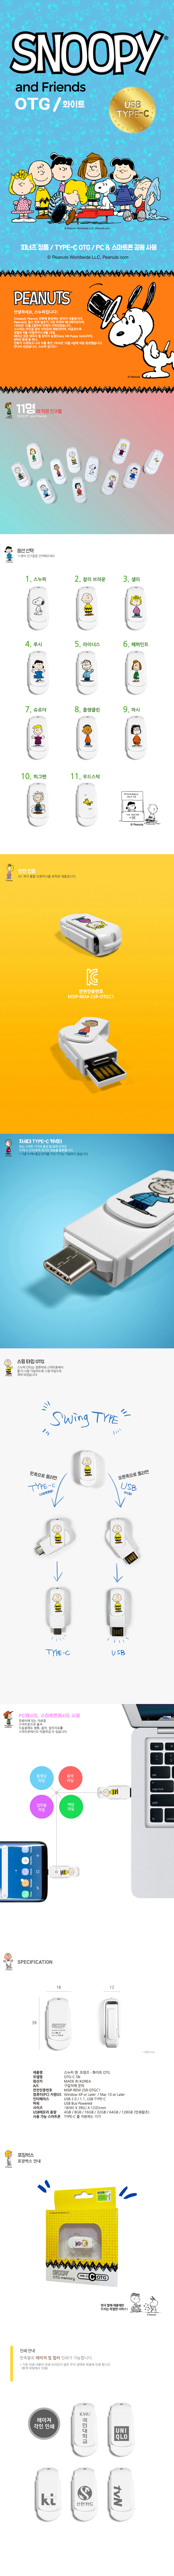 스누피 USB-C OTG 16G C-SN 11,500원 - 캠브리트 디지털, PC저장장치, USB, 캐릭터/디자인 바보사랑 스누피 USB-C OTG 16G C-SN 11,500원 - 캠브리트 디지털, PC저장장치, USB, 캐릭터/디자인 바보사랑
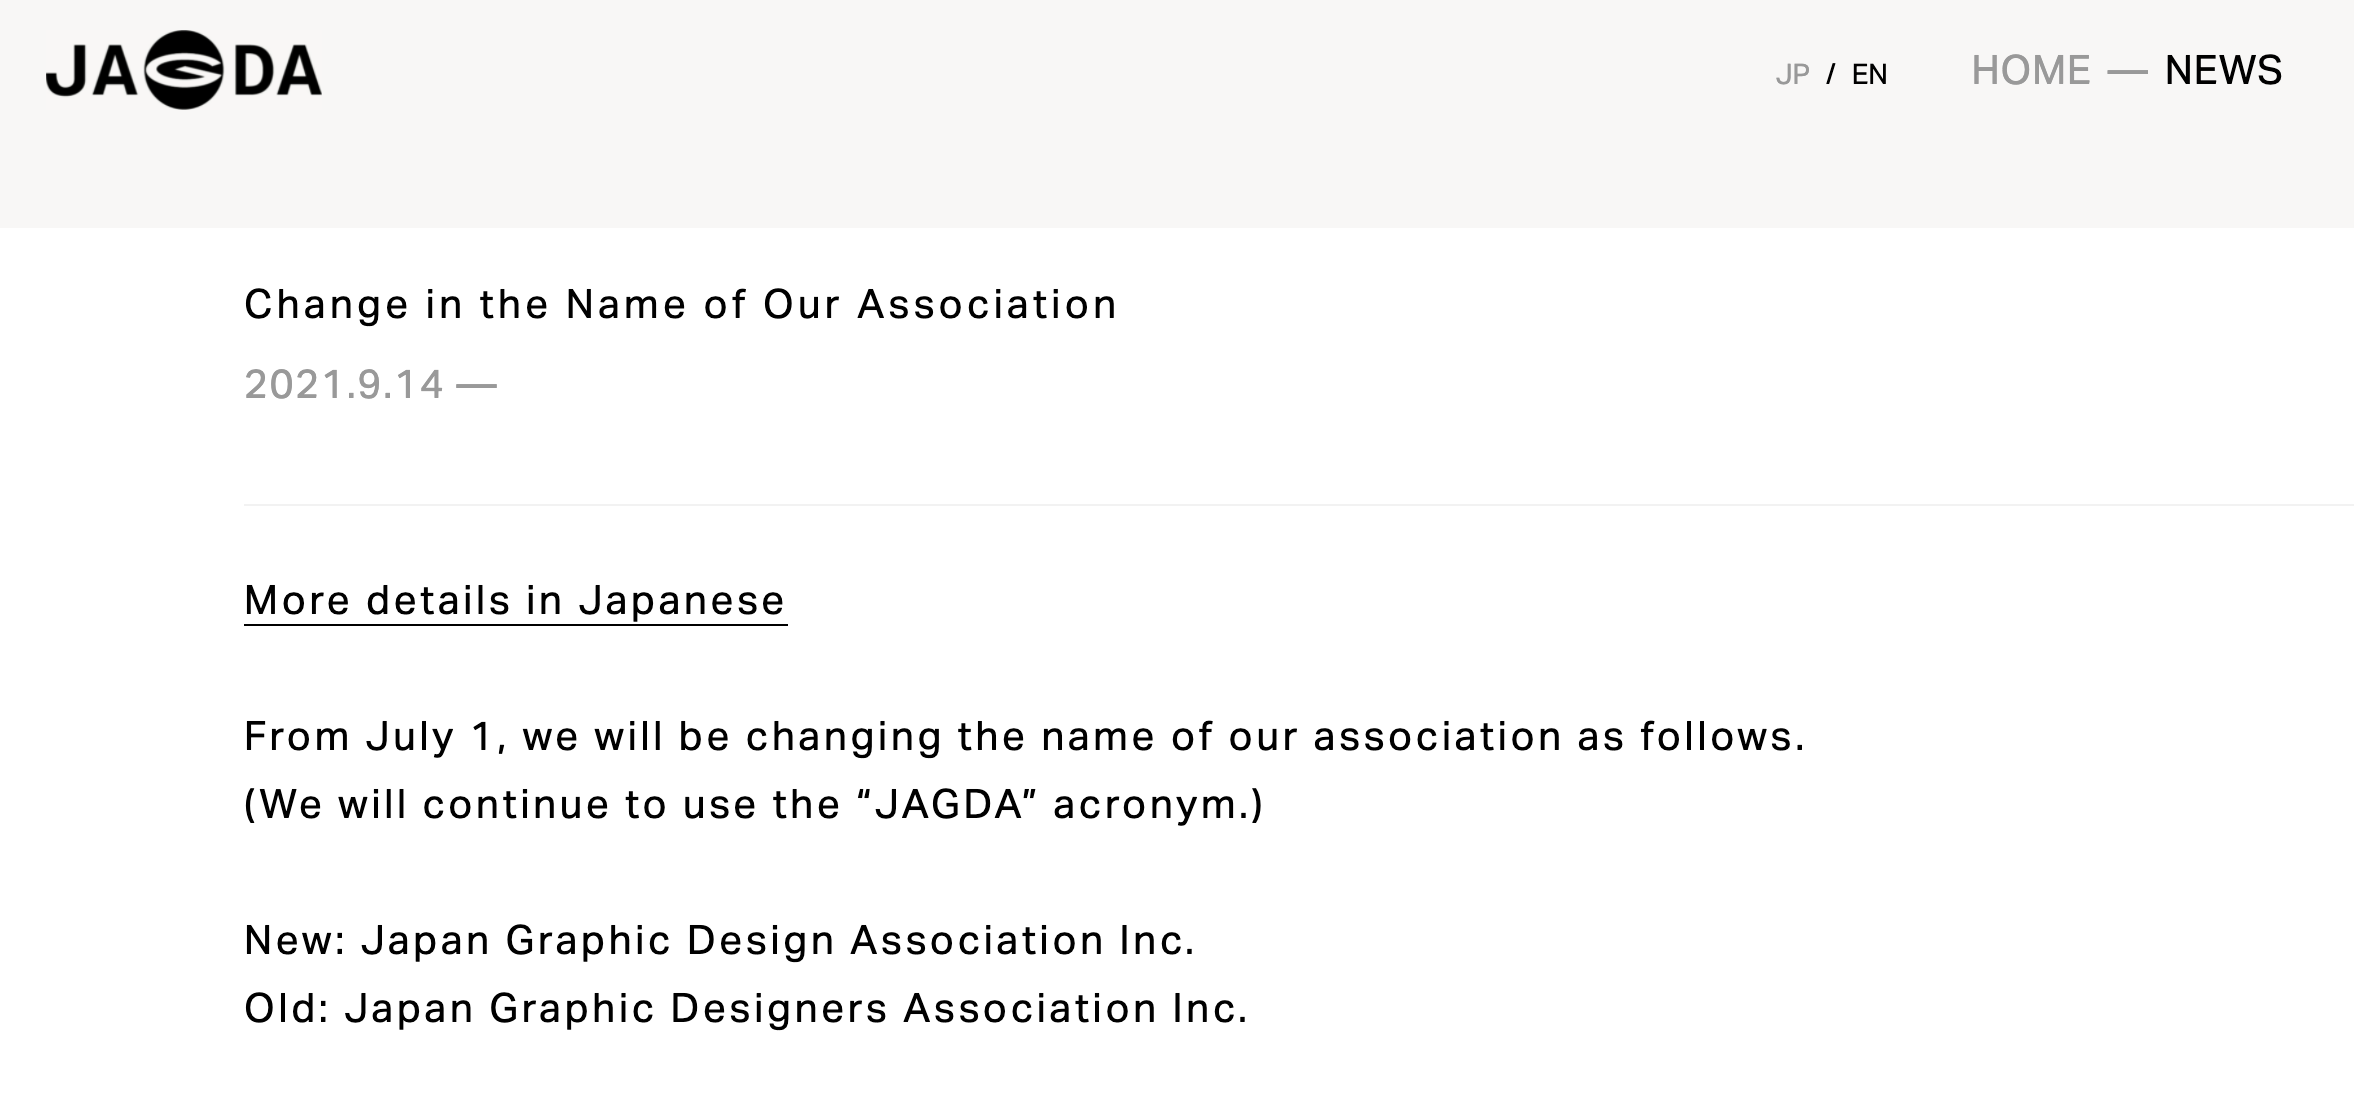 JAGDA name change calls in expanded disciplines
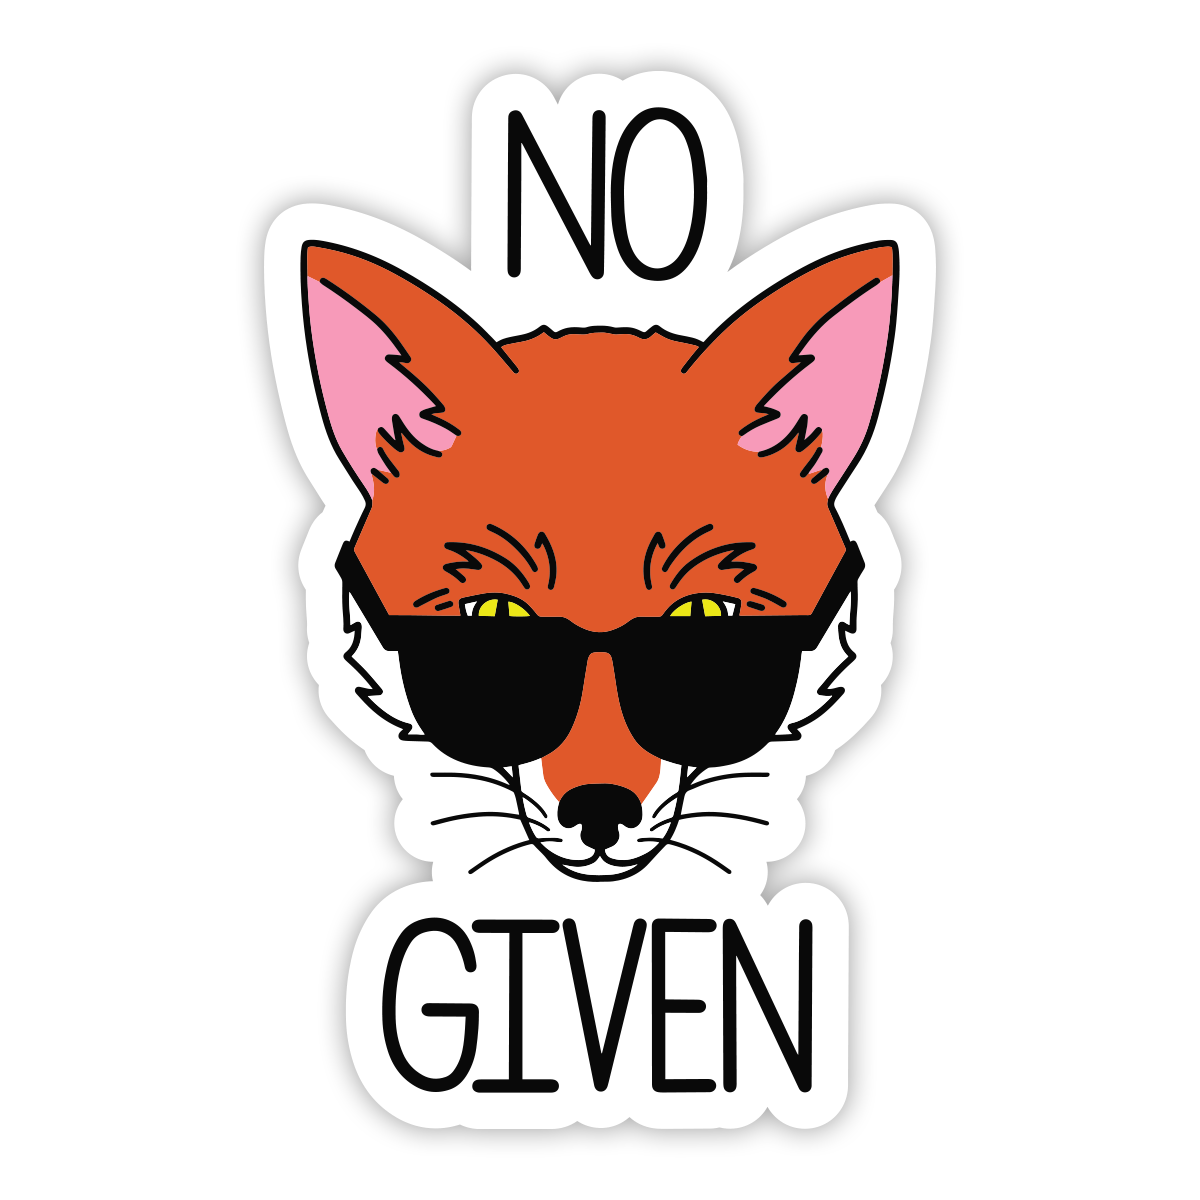 No Fox Given Sticker

+ + +

* [WHAT TO PRODUCE]:
Each line from the one containing "JAGDA name change" through the last line of the listing is to be given again exactly, with no pictures and no other lines.

* [WORKED SOLUTION]:
 JAGDA name change calls in expanded disciplines
 No Fox Given Sticker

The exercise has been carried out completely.